Just over a century ago, some 12-17 million Indians died from an import of the Spanish flu in 1918. Lessons learned from that tragedy are about the only playbook that Indian policy makers have.
‘Containing the infection at the point where it starts and not letting it rage unabated through the country is the biggest lesson from that pandemic,’ points out Professor Biswajit Dhar of Jawaharlal Nehru University.
However, other analysts warn that, without monetary or food aid for tens of millions of poor jobless Indians and the families they support, life would not merely be tough but near impossible.
Possibly realising this, and partly under pressure from big business whose bottom lines have been hit by the lockdown, the Indian state announced that, from the third week of April, factories located away from cities could re-open, albeit with stringent conditions for health, safety and worker housing. However, with markets still shut apart from shops selling food and necessities, supply chains in disarray and consumer demand plummeting, many factory owners have chosen to keep their doors closed.

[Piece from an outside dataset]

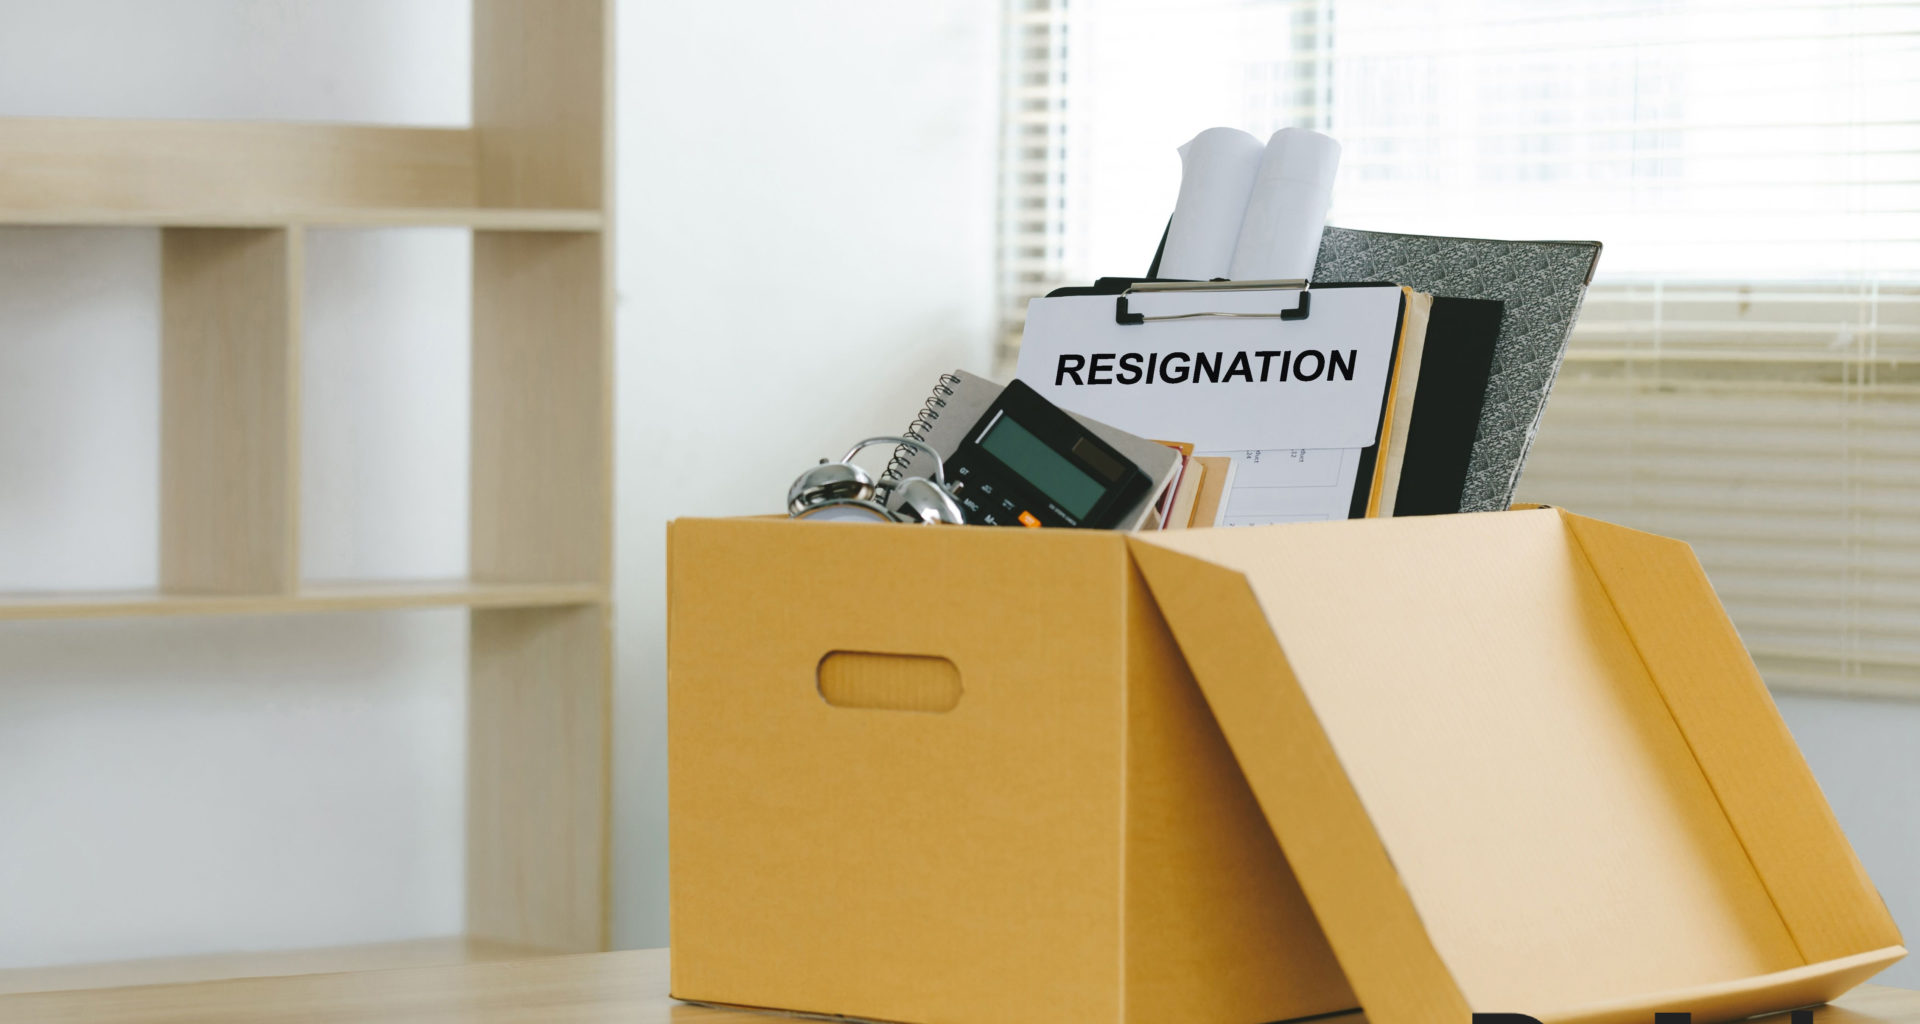 Resignation in UAE Follow These Tips to Ensure a Legal Exit
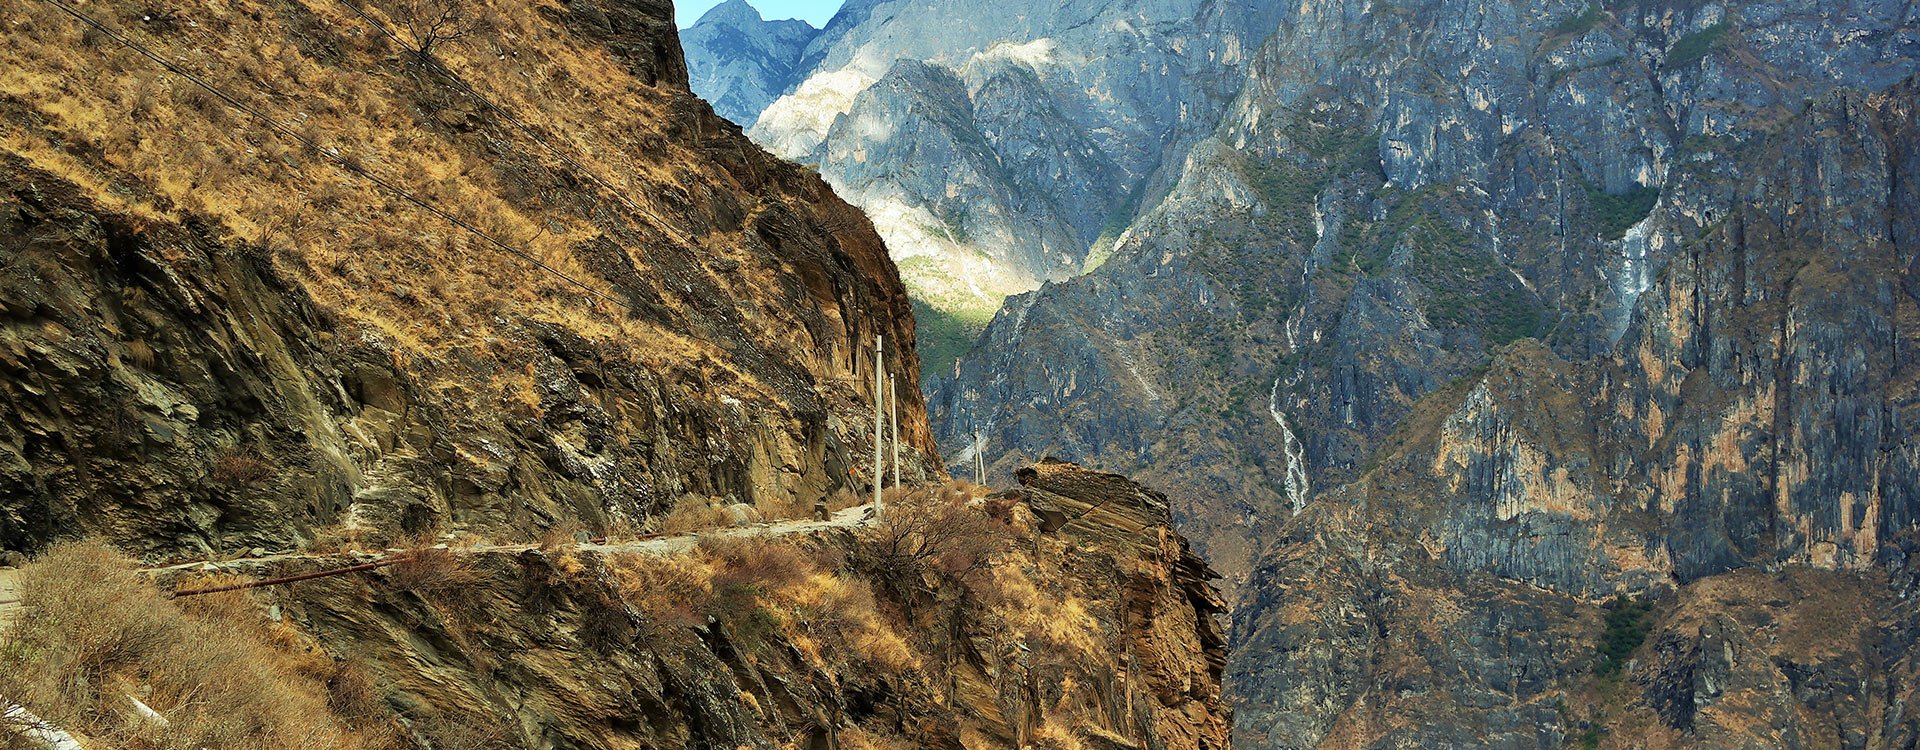 Yunnan_ Tiger Leaping Gorge

This could not have come at a worse time. India’s economy has been slowing ever since it inflicted a demonetisation of 86 per cent of its currency by value some three-and-a-half years ago. A botched introduction of an otherwise well intentioned Goods and Services Tax a year later made matters worse and India’s growth, which had averaged over 7 per cent in the decade till 2016, started slipping, with the economy growing by just 5 per cent in 2019-20. This year’s growth forecast by agencies ranging from Barclay’s, which feels India will have zero growth, to the World Bank, which forecasts 1.5- 2.8 per cent, shows that India will certainly not be among the out-performers in this pandemic year.
‘The long protracted battle against coronavirus and the destruction of demand means that, besides the short term migrant labour employed mostly by the construction, trucking packaging and service sectors, many more workers may be laid off or may see their wages cut, deepening the existing demand recession,’ says Professor Dhar.

Hopes that exports will be able to pull the Indian economy out of the morass seem a mirage, as global demand has also been falling and countries anxious to protect domestic manufacturers build tariff walls against global trade.
Already the IMF has warned that the coming global recession is going to be the worst since the Great Depression of the 1930s. For India, one way out of the slump is to spend big without worrying too much about deficits and debt levels, and hope that with booster shots to consumption it can spin its way out of trouble.
If it chooses that route, it could lead to fiscal pain later. But its millions of poor will survive and perhaps turn the country into a moderate growth sweet-spot which can help pull other countries in the region out of the abyss the world seems to be heading for.